Но Мельхиоров не гладил по шерстке. Моя судьба его не растрогала. Он произнес с подчеркнутой жесткостью:
– Не жалуйся, каждому свое. Ты – Дон Иван, так неси свой крест. Все хорошо, ты в отличной форме. Боеготовность и боеспособность. Трудись. В должный срок ты сам почувствуешь, что число початых тобою дев перешло угрожающую отметку. Но до этого еще далеко.
Судьба Богушевича обожгла его.
– Я помню его, прекрасно помню. И Випера. С ними случилась беда. Они были веселы и легкомысленны. Качества редкие и счастливые. Однако их они тяготили. Богушевич изображал серьезность. Випер желал ему подражать. Они давили в себе первородное и прививали себе им не свойственное. Но это не приводит к добру. Даже если эксперимент удается. Легкомысленным людям нельзя лезть в политику. Знаю по опыту моего тестя. Он считал себя политическим деятелем, был даже – представь себе – делегатом первого Съезда Советов в семнадцатом. Сам услышал, что есть такая партия, но по своему легкомыслию не придал этому факту значения. Почему и умер на Колыме. Бедный партизан Богушевич! Бедный печальник народного горя! Должно быть, в своей мордовской яме не может понять, почему население не встало стеной на его защиту. Есть легкомыслие, нету трезвости. Он – жертва распространенной болезни. Она называется – конфабуляция.
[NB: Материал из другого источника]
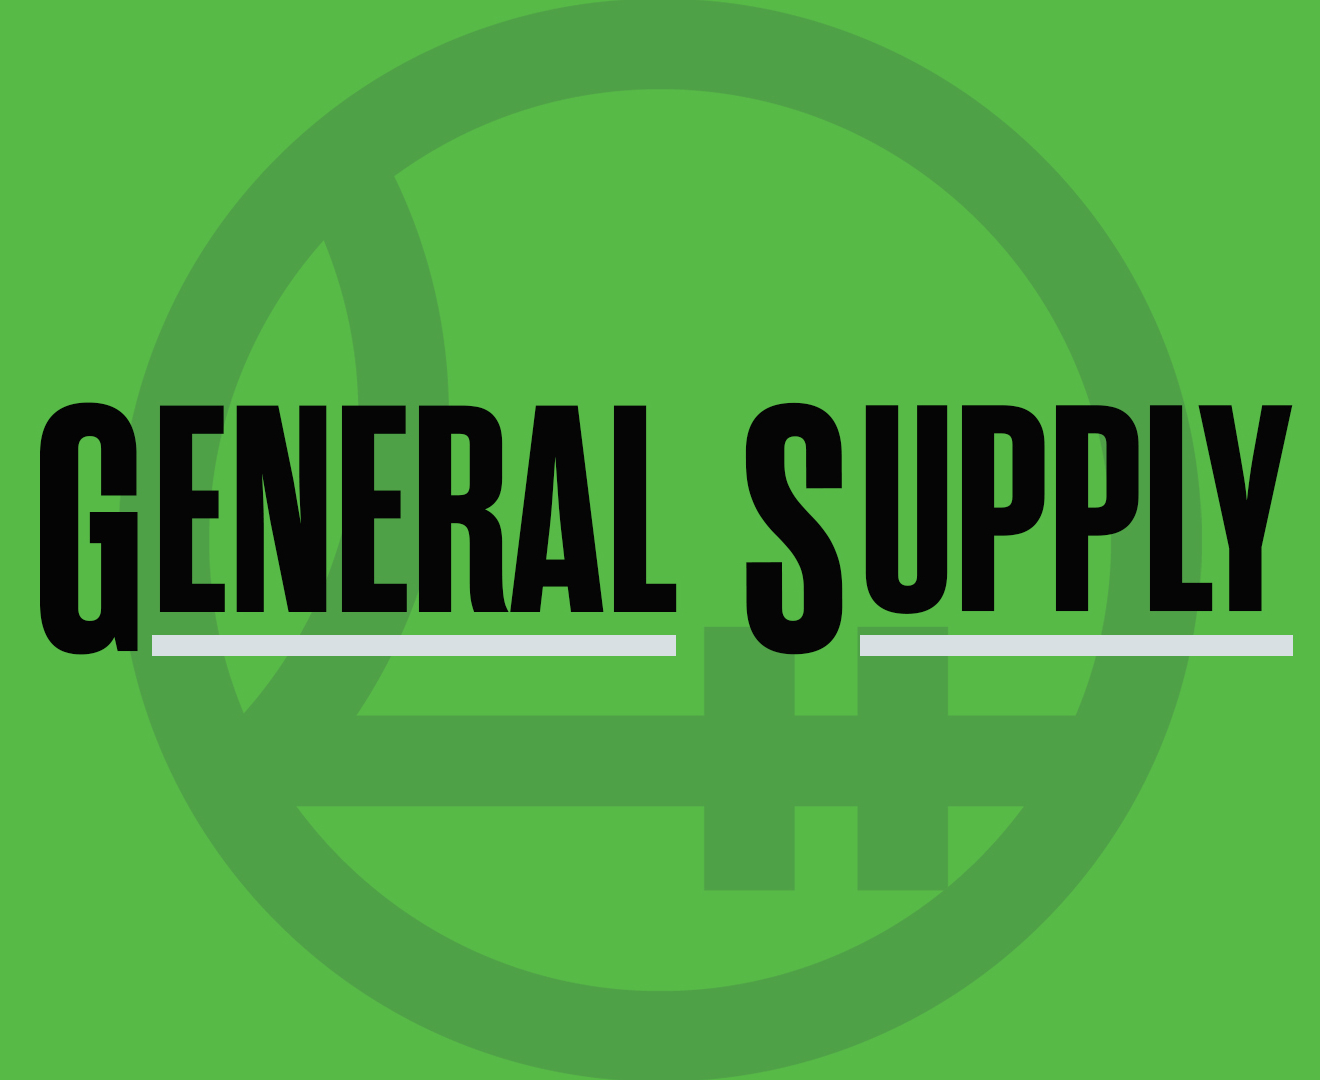 General Supply

Сиречь стремление выдать желаемое за действительное.
Злосчастный Борис! – вновь закручинился Мельхиоров. – Наверно, его городское сердце томили грубость и свинство власти. Но хозяин в сем обществе изначально должен быть крут и хамоват. Его суровость людей приручает, а неотесанность даже роднит. Всем ясно – он из нашего хлева! Без чувства родства вертикали не выстроишь. А вот сестра, как я понимаю, не в брата. Видать, серьезная женщина. Она – не из твоего альбома. Смирись. Ты еще встретишь ту, кого ты подсознательно ищешь.
Это суровое утешение совсем лишило меня равновесия. Кого я встречу? Я только теряю. Я рассказал ему про Ярмилу, про Яромира, про атомный взрыв, накрывший меня в этот дьявольский август. Я рассказал и про встречу с Випером на улице Йомас, про то, как я выслушал его громовые инвективы за то, что я пал с женой ренегата.
– Ах, Учитель, – вздохнул я, – если б вы ее видели!
– Я видел ее, – сказал Мельхиоров.
Я ошалел.
– Вас обоих я видел, – сказал он и снова наполнил рюмку.